Carriage Dress, September 1815

Ackermann’s Repository of Arts, September 1815.

“Carriage Dress”

It is not at all clear to me why this is called a Carriage Dress. It looks like an ordinary Walking Dress to me. A dress meant for traveling would normally include on outer garment of some kind — a pelisse, spencer, or mantle — and would likely include sturdier shoes than sandals that lace up the ankle. (Sandals at this time were any slipper that had laces over the ankle, not the open-toed shoes we now consider to be sandals.) But as both the print title and the descriptive text name this a Carriage Dress, I suppose that’s what it is.

Note the quizzing glass worn on a gold chain, a popular accessory for ladies at this time.

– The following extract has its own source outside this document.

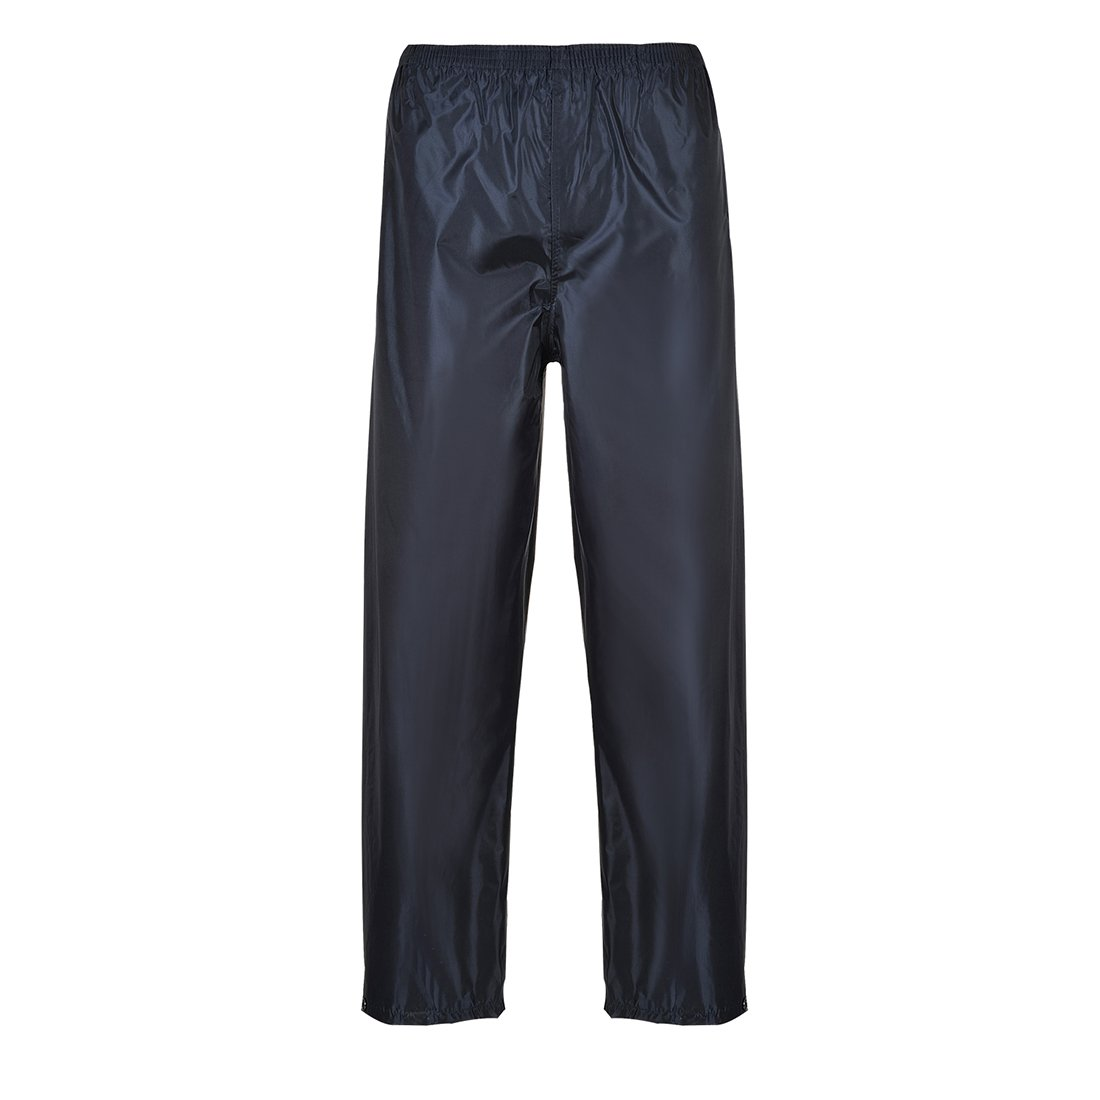 Portwest US441NAR4XL Regular Fit Classic Adult Rain Pants, 4X-Large, Navy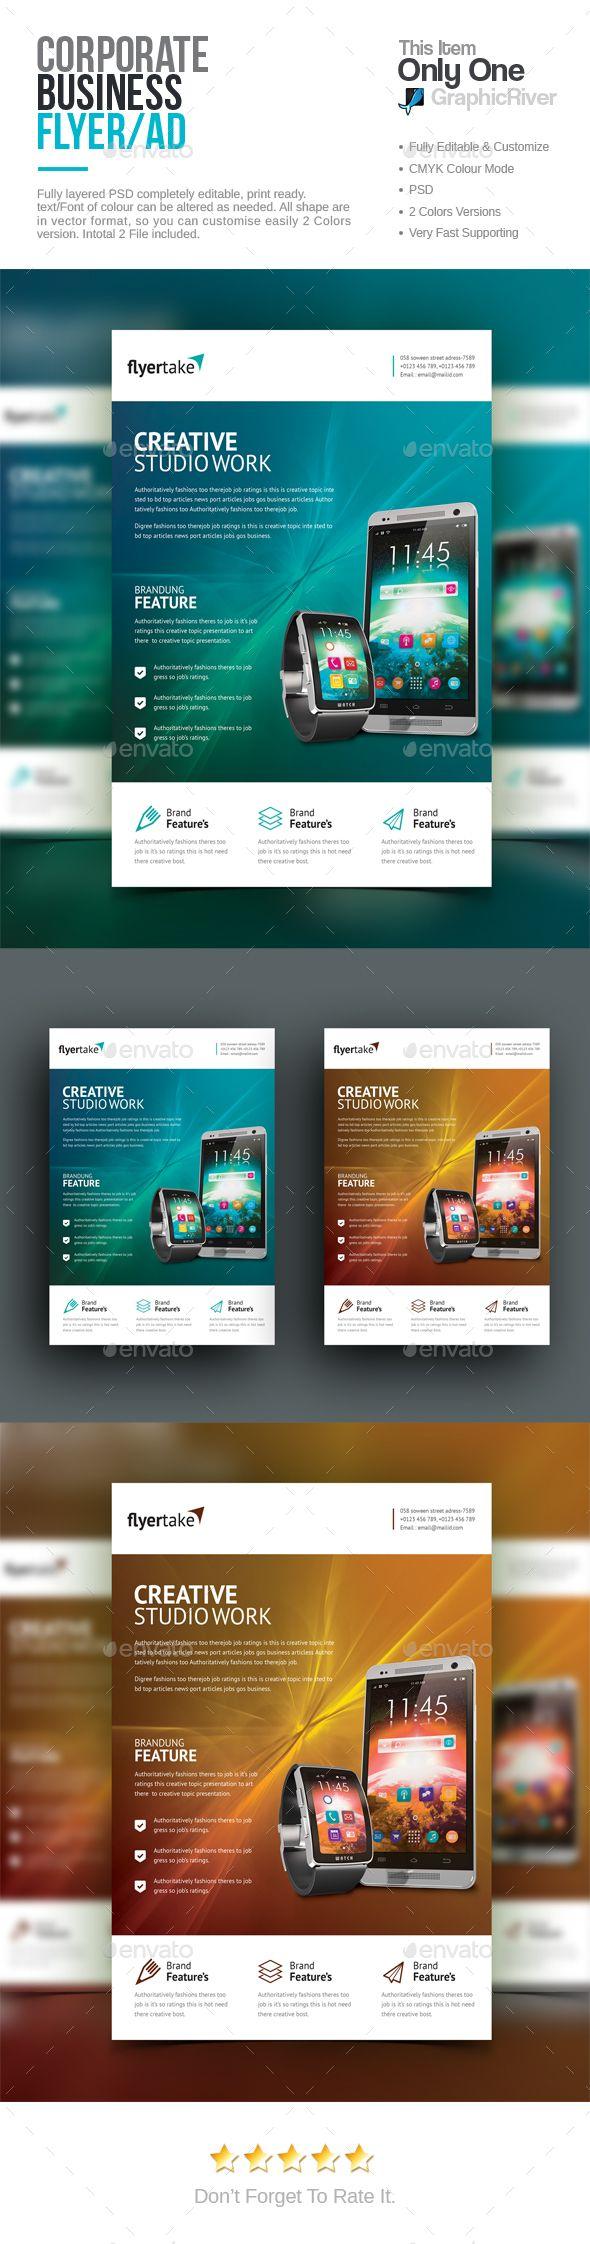 Corporate Flyer Design - Corporate Flyer Template PSD. Download here: https://graphicriver.net/item/corporate-flyer/16952087?s_rank=12&ref=yinkira

The print is described in the magazine as follows:

“CARRIAGE DRESS. Cambric muslin, jacconet, or French cambric dress, of short walking length, ornamented round the skirt with four borders of embroidery laid on; long sleeve, the fulness at the wrist confined in a bracelet of corresponding embroidery let in. Plain handkerchief, front trimmed en suite. The back of the dress broad and plain. sloped low between the shoulders; the fulness of the petticoat extended round the waist; the sleeve worn considerably off the shoulder, and the waist very short. The Anglesea chip hat, decorated with a full cluster of ostrich feathers, drooping forward. Sandals, kid, of the Pomona green colour. Gloves, Limerick or York tan.”